> _The task_:
Leave out every picture and set down, exactly, the lines below from the one holding "Karl Kleist and" up to and including the one holding "Louis Vuitton Catogram".

> _Material to process_:
● ● ● ● ●
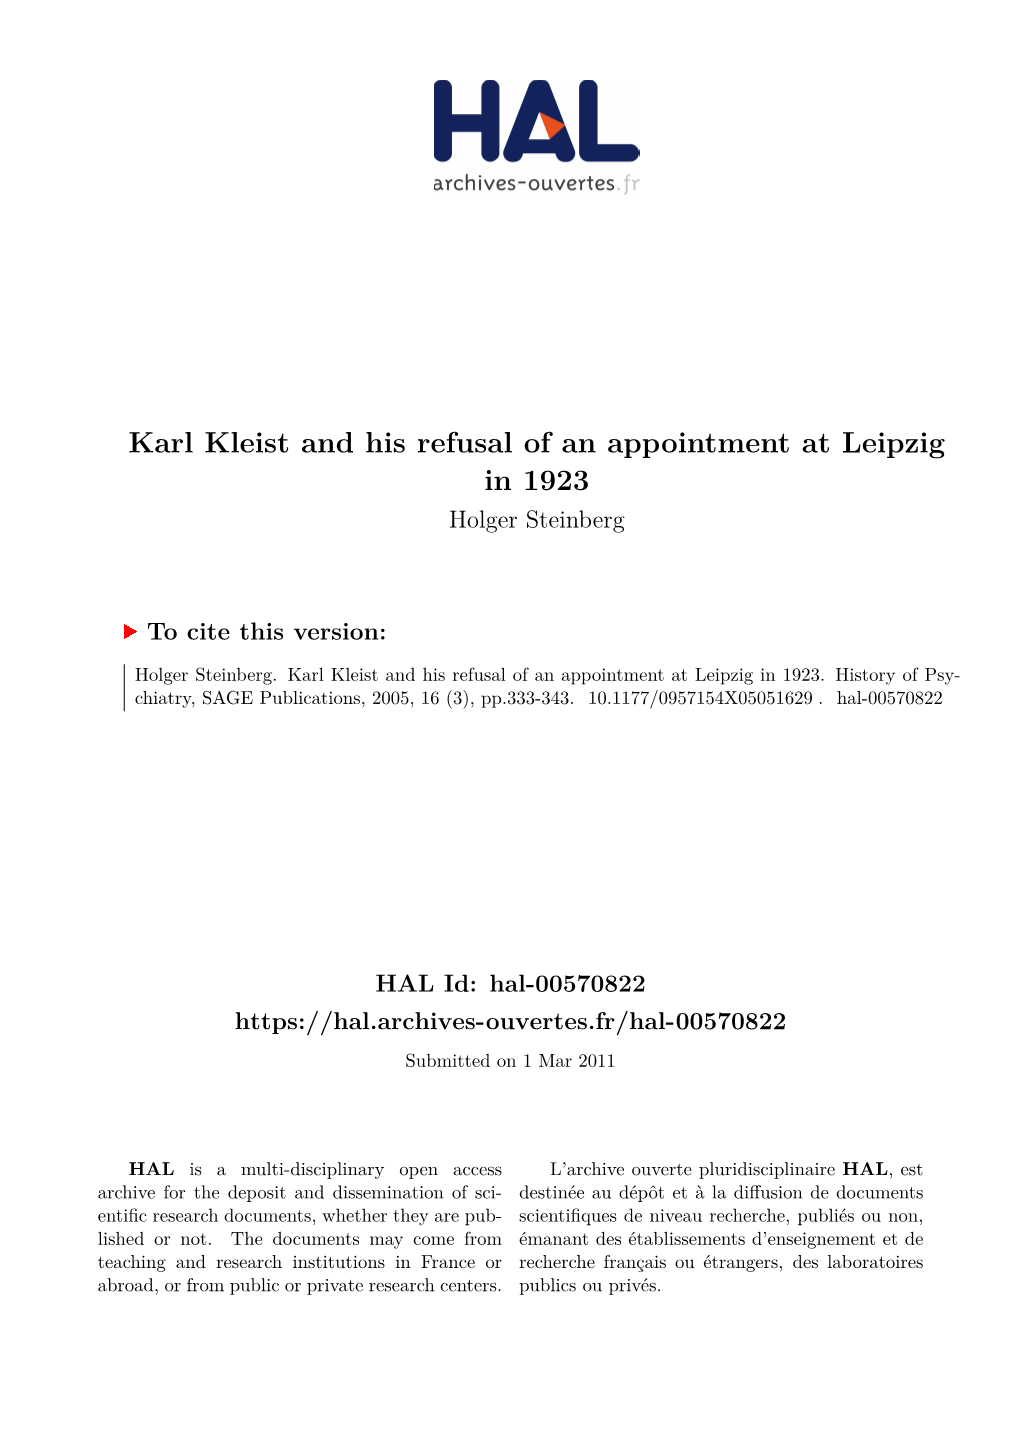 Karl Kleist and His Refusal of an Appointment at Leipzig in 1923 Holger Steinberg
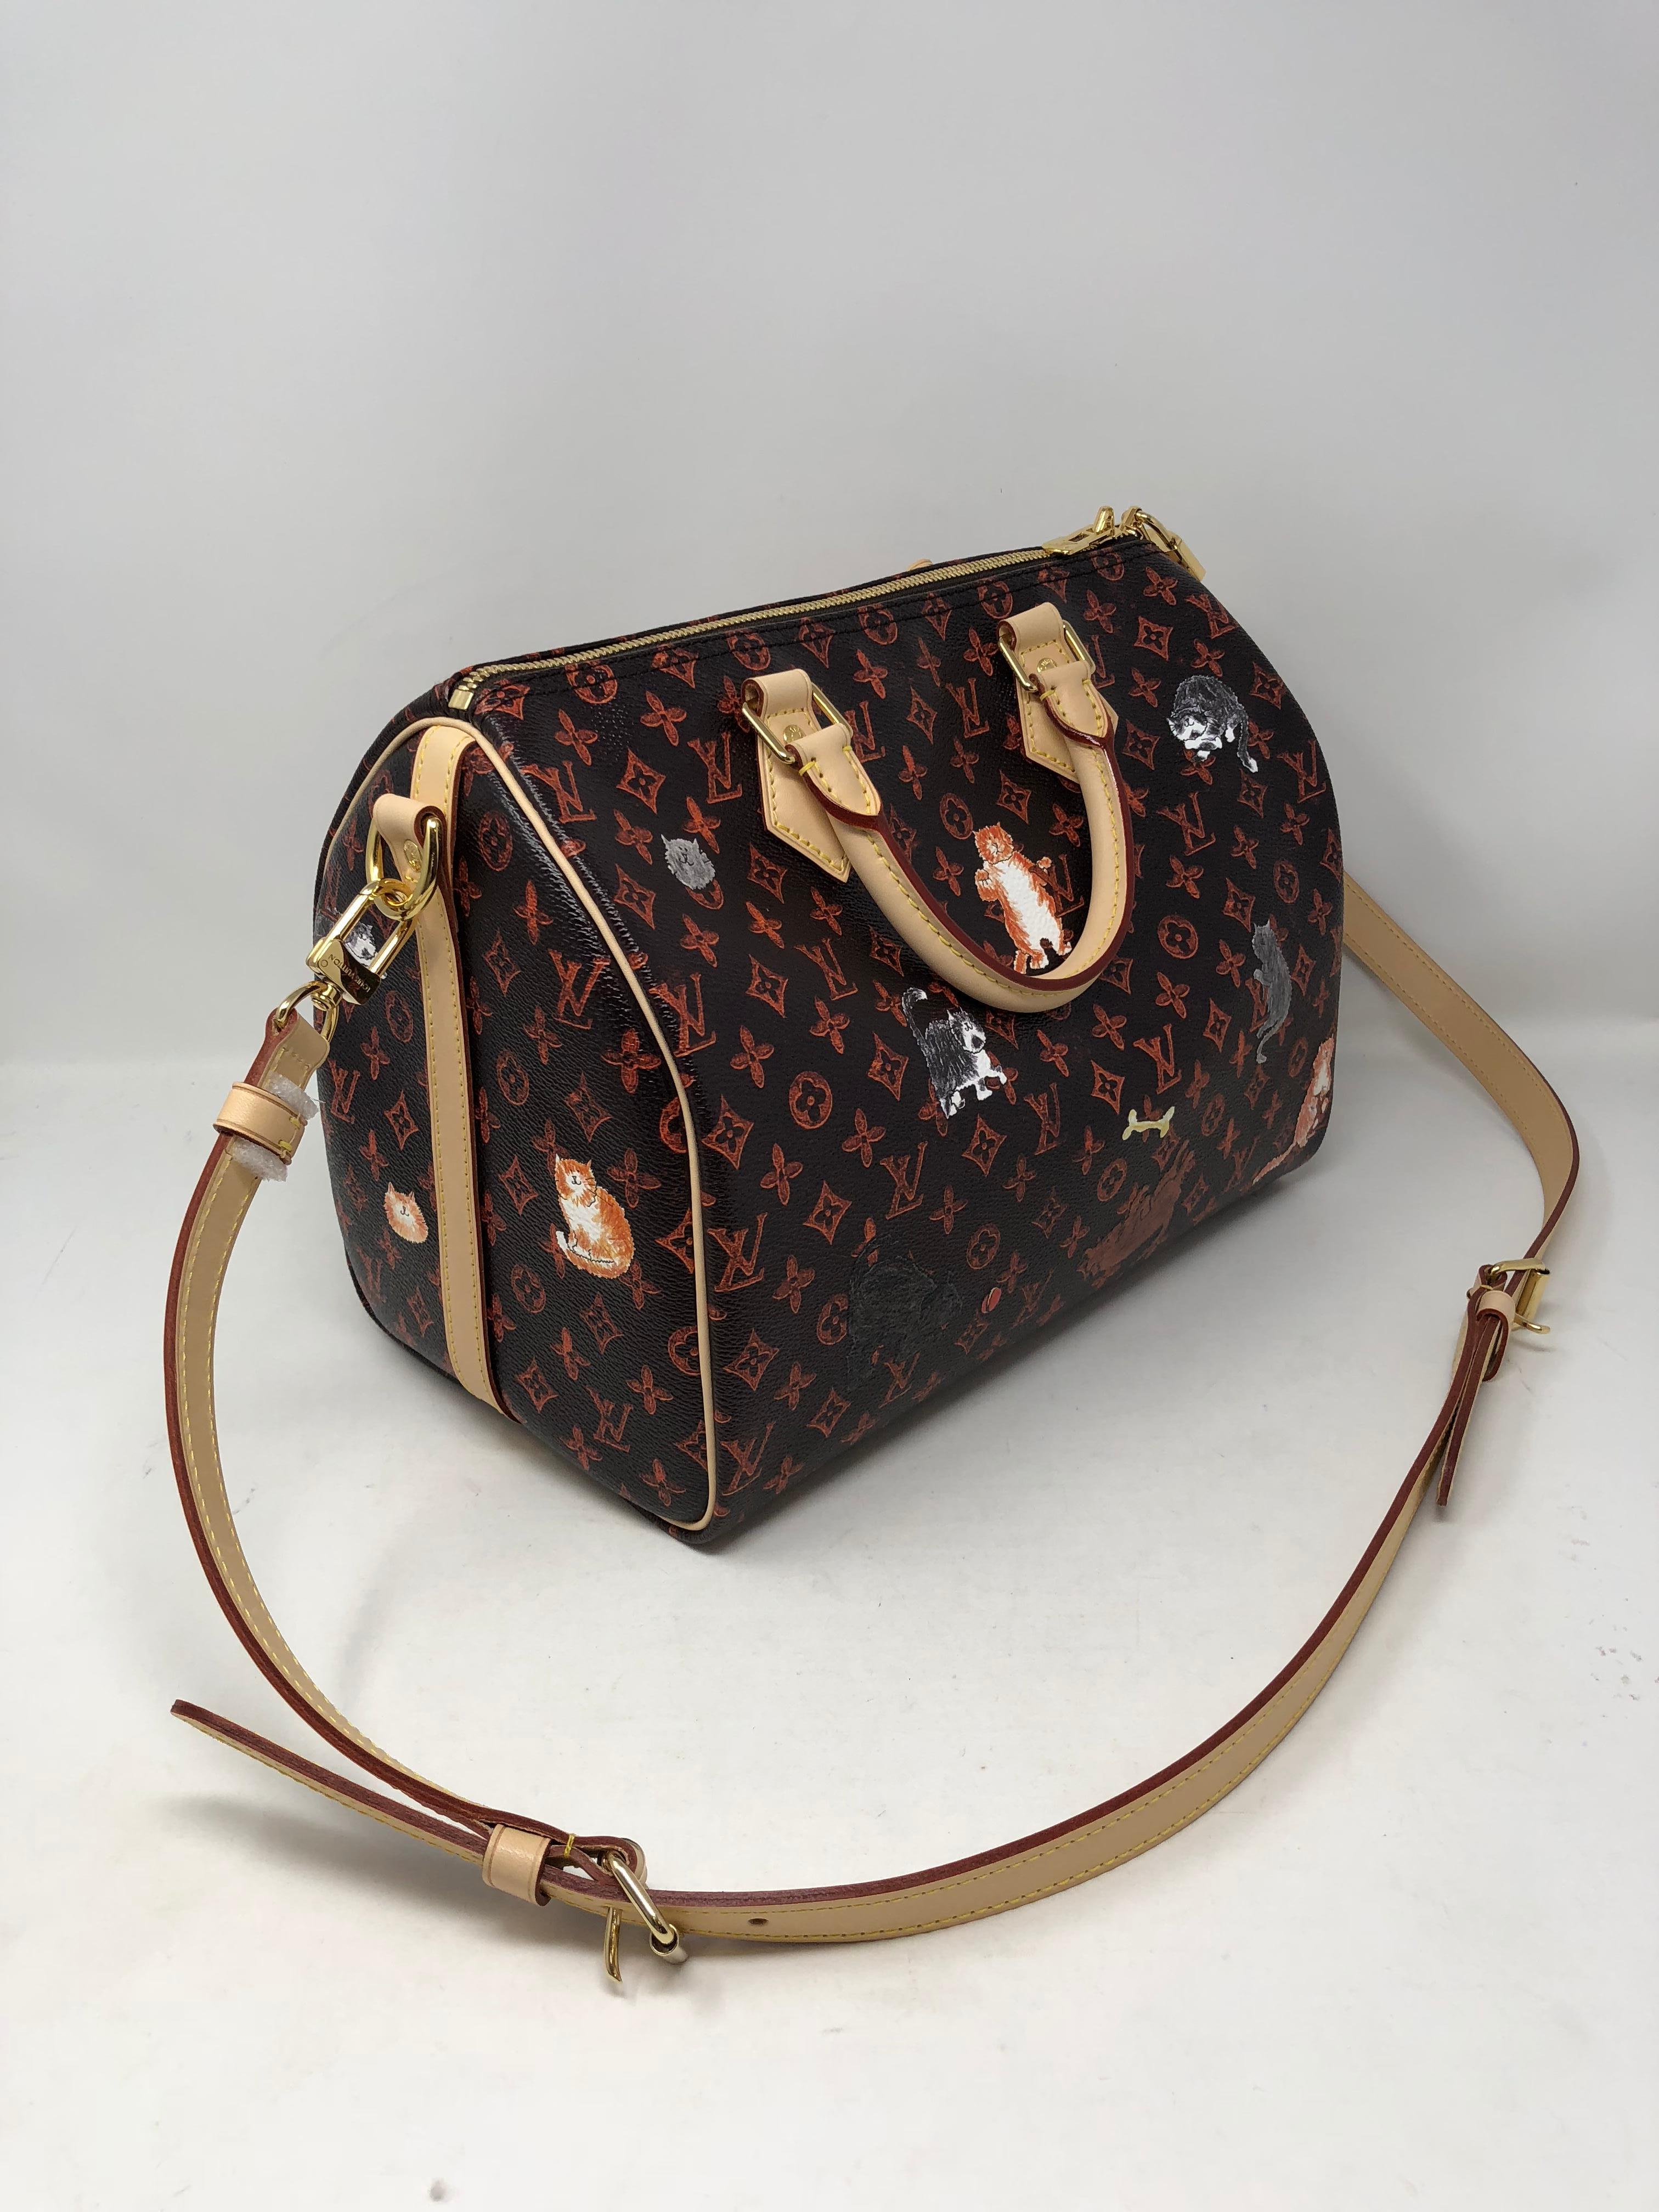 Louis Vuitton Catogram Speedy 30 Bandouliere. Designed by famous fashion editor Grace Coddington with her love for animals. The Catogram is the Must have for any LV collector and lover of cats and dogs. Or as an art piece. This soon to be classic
● ● ● ● ●
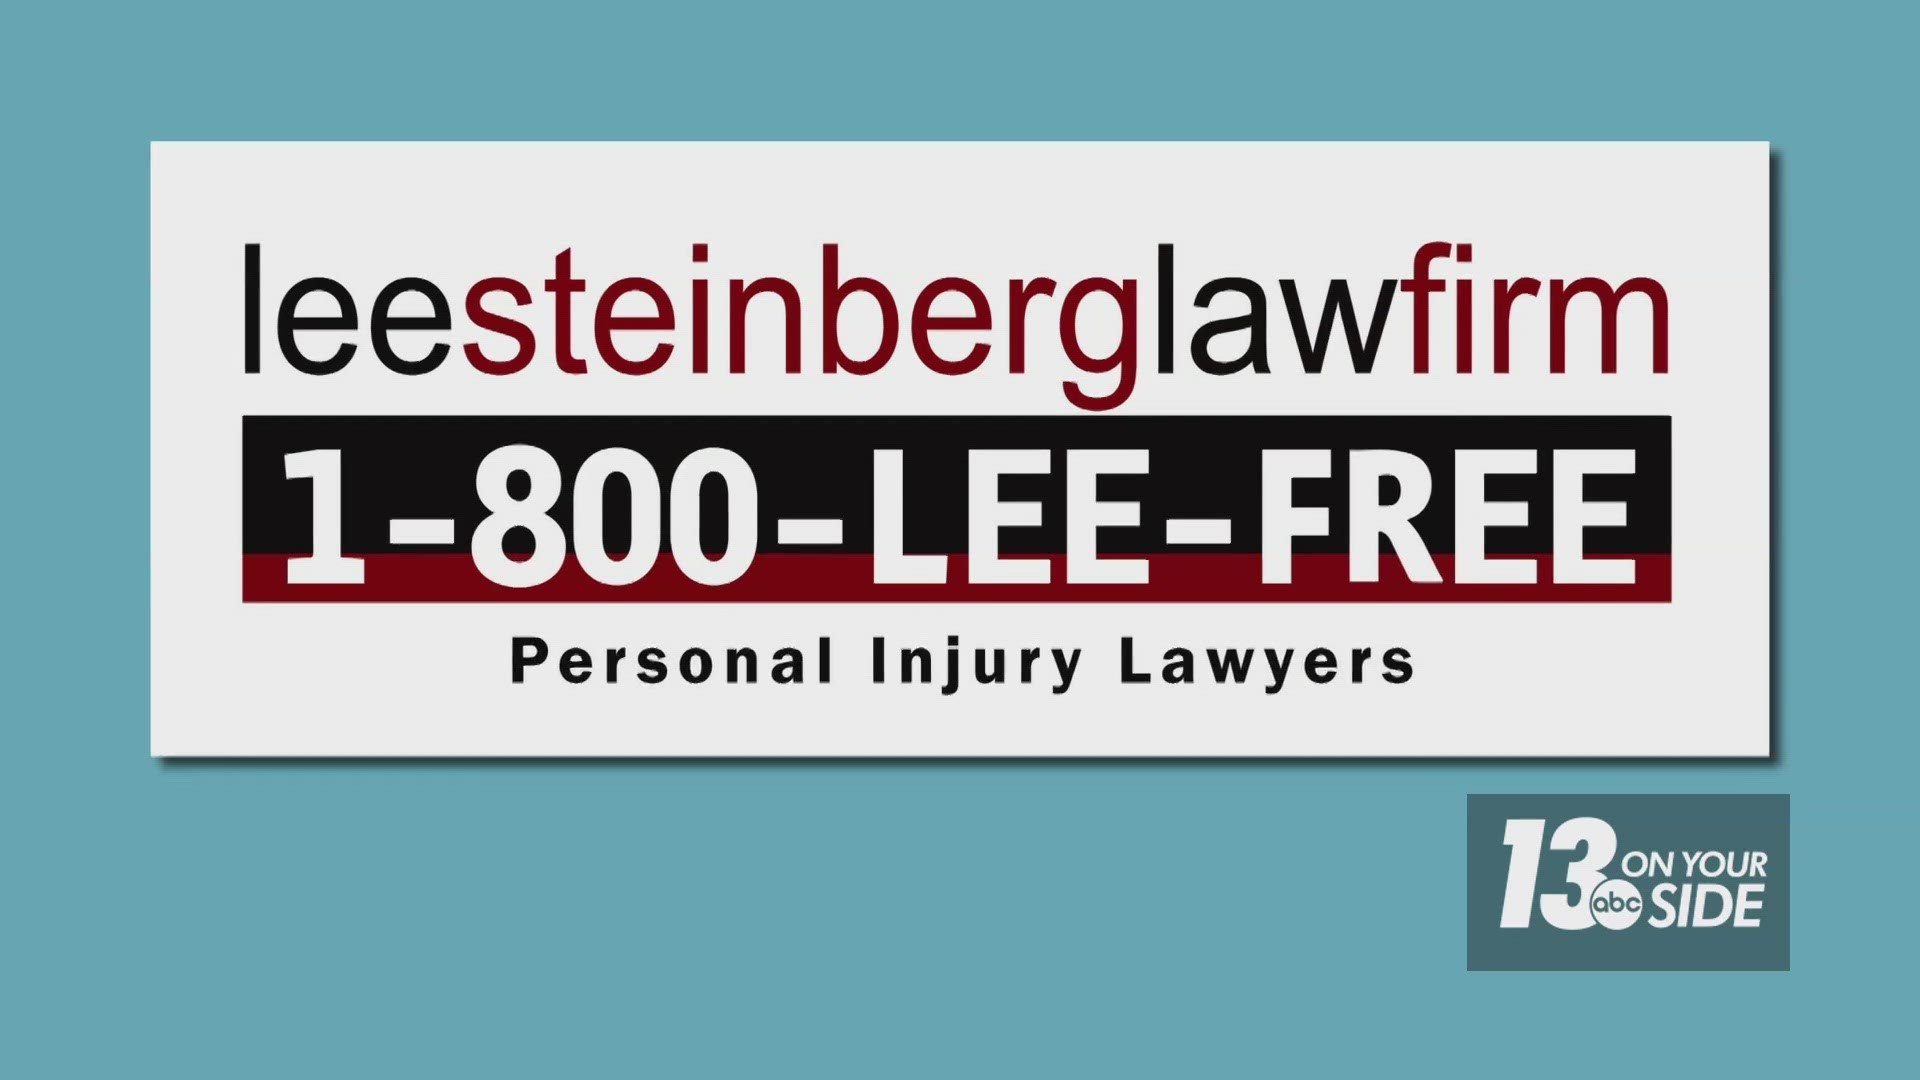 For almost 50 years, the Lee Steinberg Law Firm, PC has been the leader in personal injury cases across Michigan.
● ● ● ● ●
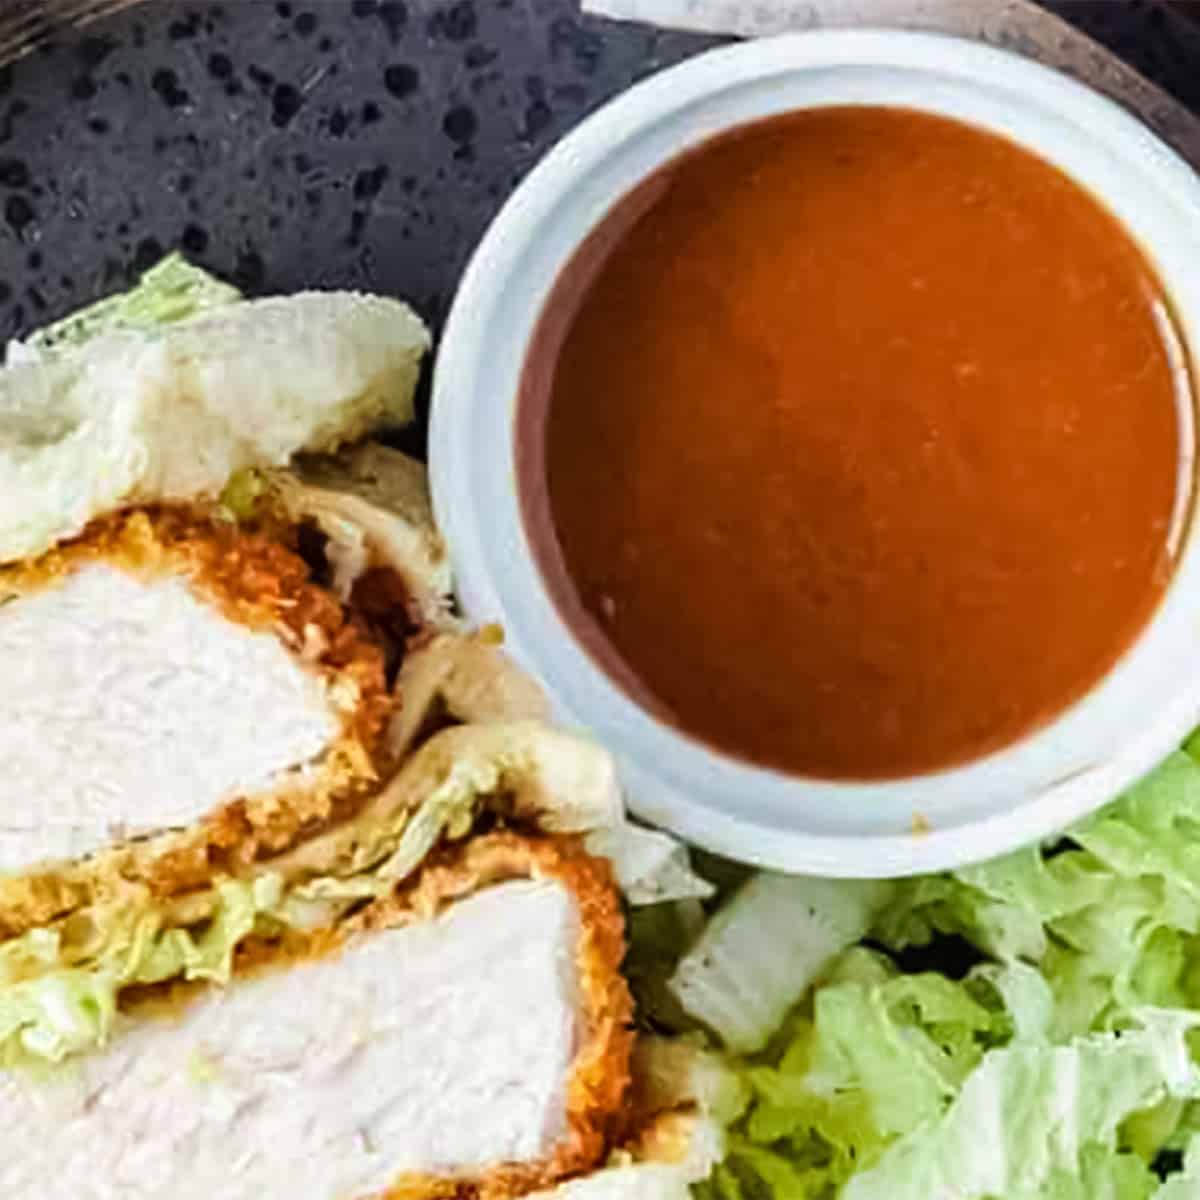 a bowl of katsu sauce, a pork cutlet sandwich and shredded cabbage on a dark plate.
● ● ● ● ●
> _Written solution_:
 Karl Kleist and His Refusal of an Appointment at Leipzig in 1923 Holger Steinberg
 Louis Vuitton Catogram Speedy 30 Bandouliere. Designed by famous fashion editor Grace Coddington with her love for animals. The Catogram is the Must have for any LV collector and lover of cats and dogs. Or as an art piece. This soon to be classic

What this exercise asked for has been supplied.